Top of Data provided
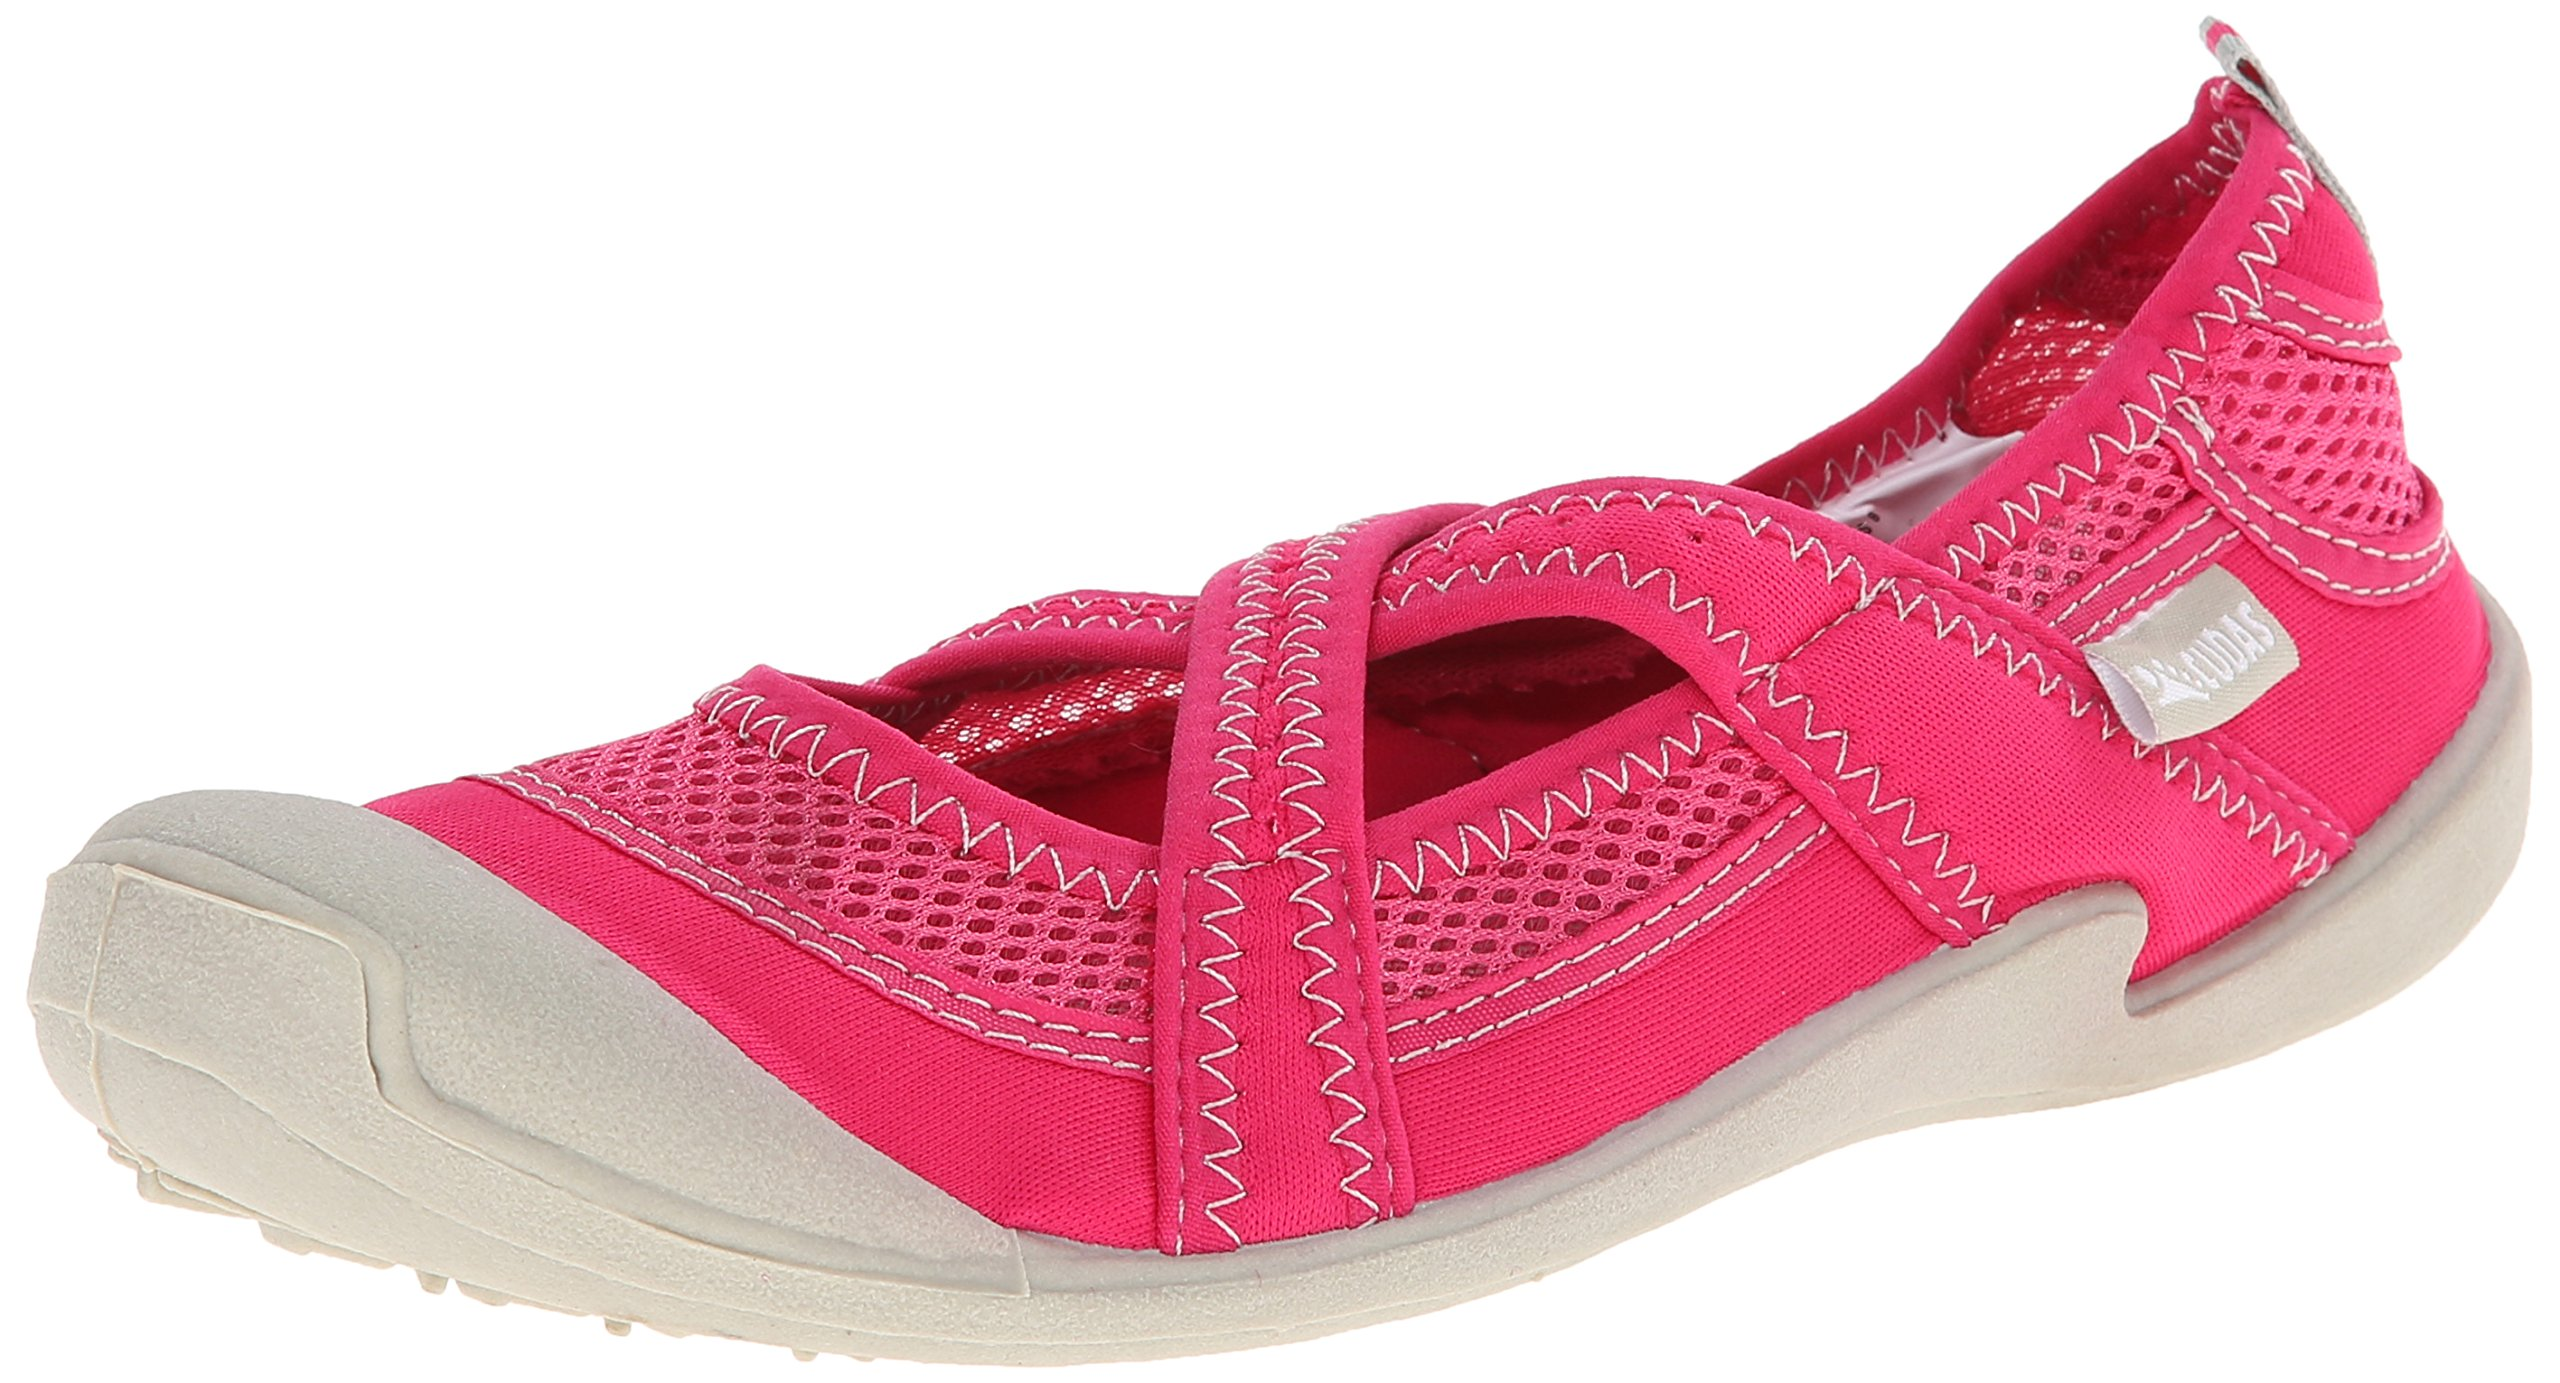 Cudas Women's Shasta Fisherman Sandal, Pink, 9 M US
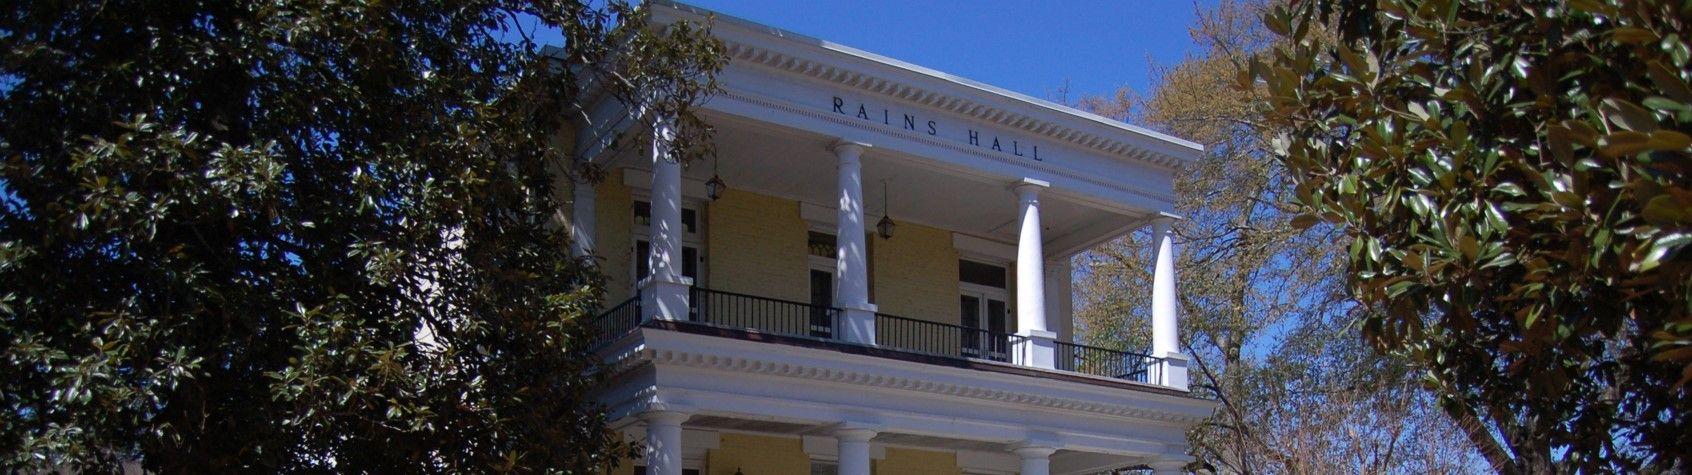 Banner Augusta in 2020 Image house, Best banner design
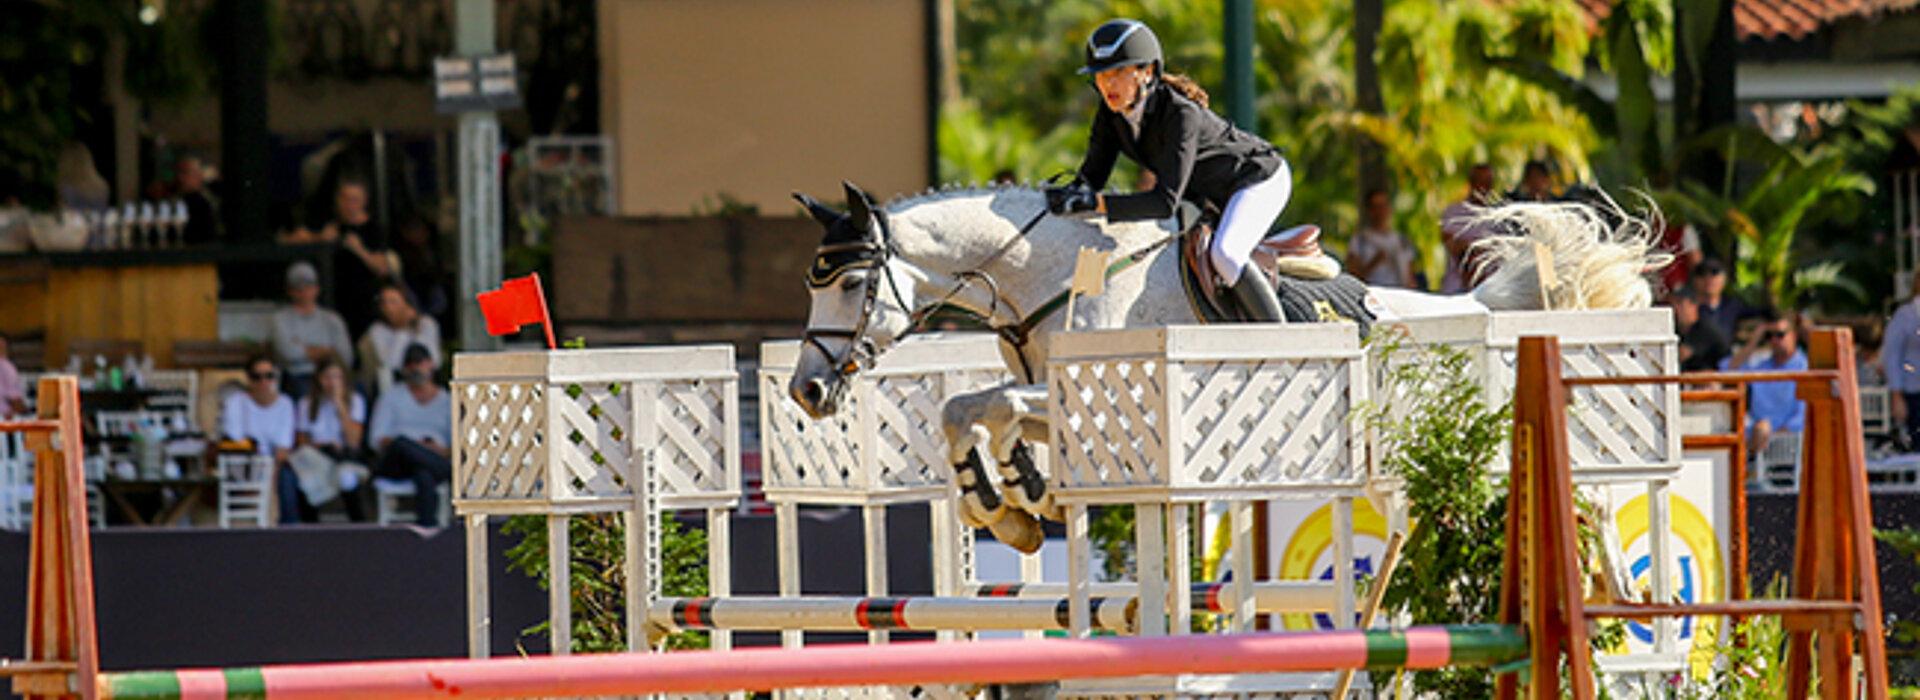 cavalo com amazona salta sobre obstáculos
Bottom of Data provided
**Task:** Could you transcribe all of the data exactly, keeping every picture out of the copy?

**Answer for the task:**
 Cudas Women's Shasta Fisherman Sandal, Pink, 9 M US
 Banner Augusta in 2020 Image house, Best banner design
 cavalo com amazona salta sobre obstáculos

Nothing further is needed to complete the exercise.